Director Márta Mészáros has explored women’s emancipation in her films, and in this film she expresses a very personal desire for self-affirmation. Not only is Mészáros herself an orphan—a circumstance she shares with the protagonist—but it is also important to note that the director struggled greatly to bring this, her first feature film, to fruition, partly because she was overshadowed by the success of her husband, fellow Hungarian director Miklós Jancsó. In this regard, looking at Mészáros’s career, The Girl appears to be her most restrained and least controversial film, perhaps precisely reflecting a system of self-imposed constraints triggered by the context in which the filmmaker lived.

The Girl is a film that focuses more specifically on the search for identity. Kati searches for her roots as if they could tell her more about who she is and what her destiny will be, but when she discovers how different that world is, she abandons it to establish herself independently. However, understanding who we are is difficult, and Kati cannot figure out if her inquisitive gaze, her desire to dance, and her silhouette cutting through the surrounding space are enough to make her feel complete. She observes others to see her own reflection and find confirmation of her worth. This is evidenced by her numerous lovers and suitors, among whom she ultimately chooses the one who definitively nullifies her, as the shot of the final kiss reveals: the man’s head completely obscures Kati’s face—that face so important and prominent it fills the opening credits entirely.

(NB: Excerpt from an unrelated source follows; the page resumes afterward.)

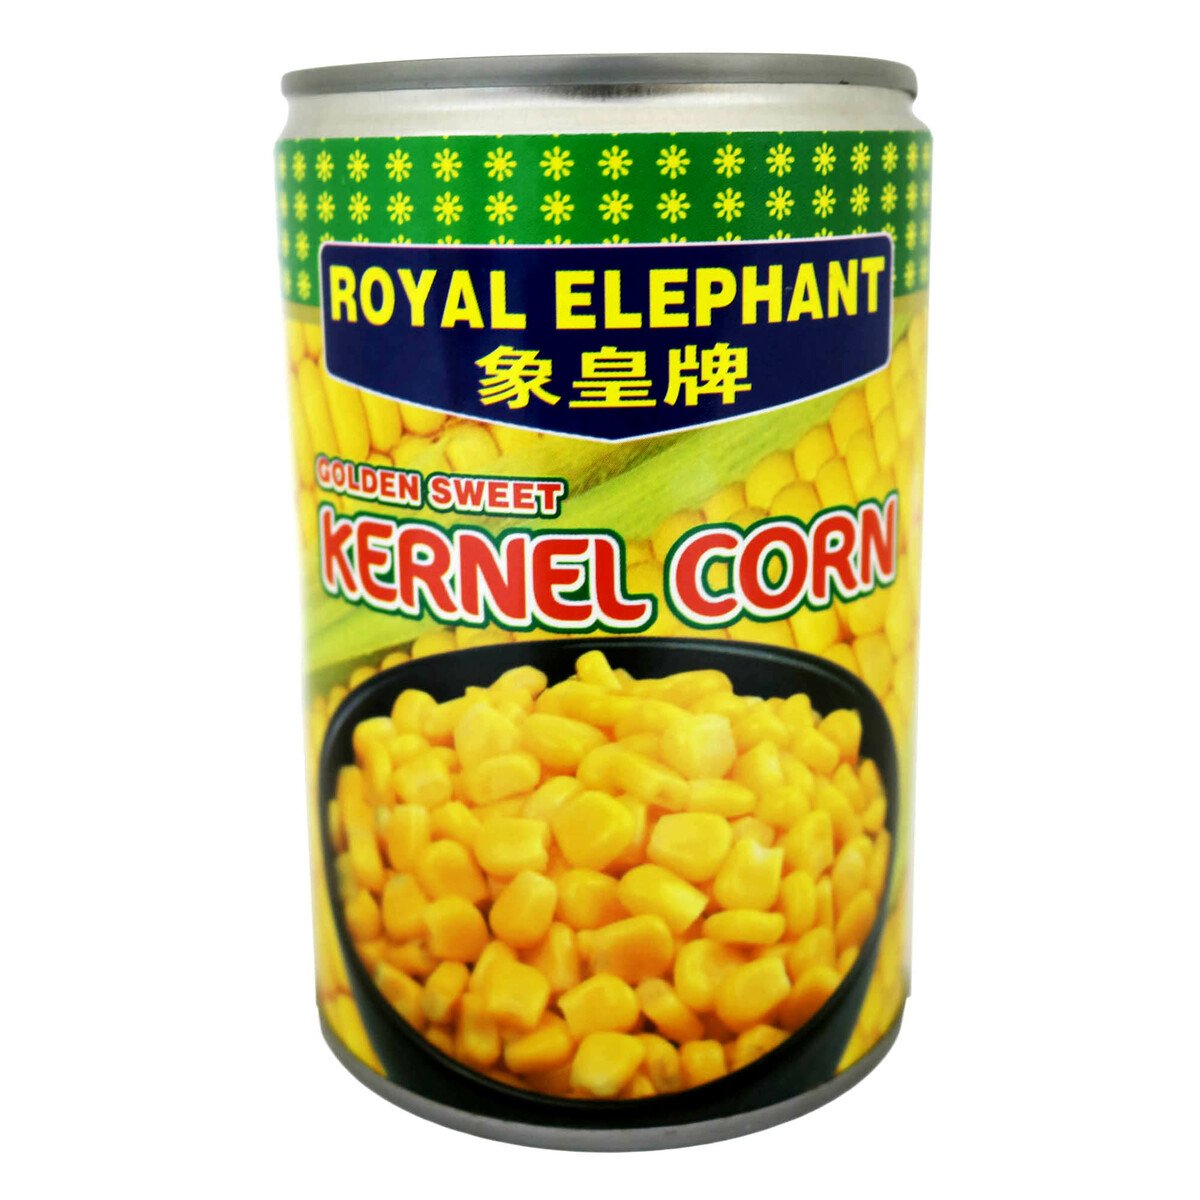 Royal Elephant Kernel Corn 425g

This film successfully fits into a broader exploration undertaken by Eastern European filmmakers during those years, in which women’s increased freedom is accompanied by a growing sense of melancholy—a subdued and laconic mood often stemming precisely from the loss of all certainty and the difficulty of finding oneself and accepting the judgment of others. Mészáros portrays this tension through a seemingly innocuous, simple film in which a young woman wanders the world, weaving small relationships and constantly shifting perspectives, yet always accompanied by the same wit framed by her raven-black, boyish haircut. This is why, when we ask ourselves who Kati really is, it is difficult to answer. Is she a spinner, an orphan, a woman who likes to dance, or simply a girl from Budapest? Throughout the film, it is others who provide us with answers, but never she. And her story cannot be considered concluded. (Arianna Vietina)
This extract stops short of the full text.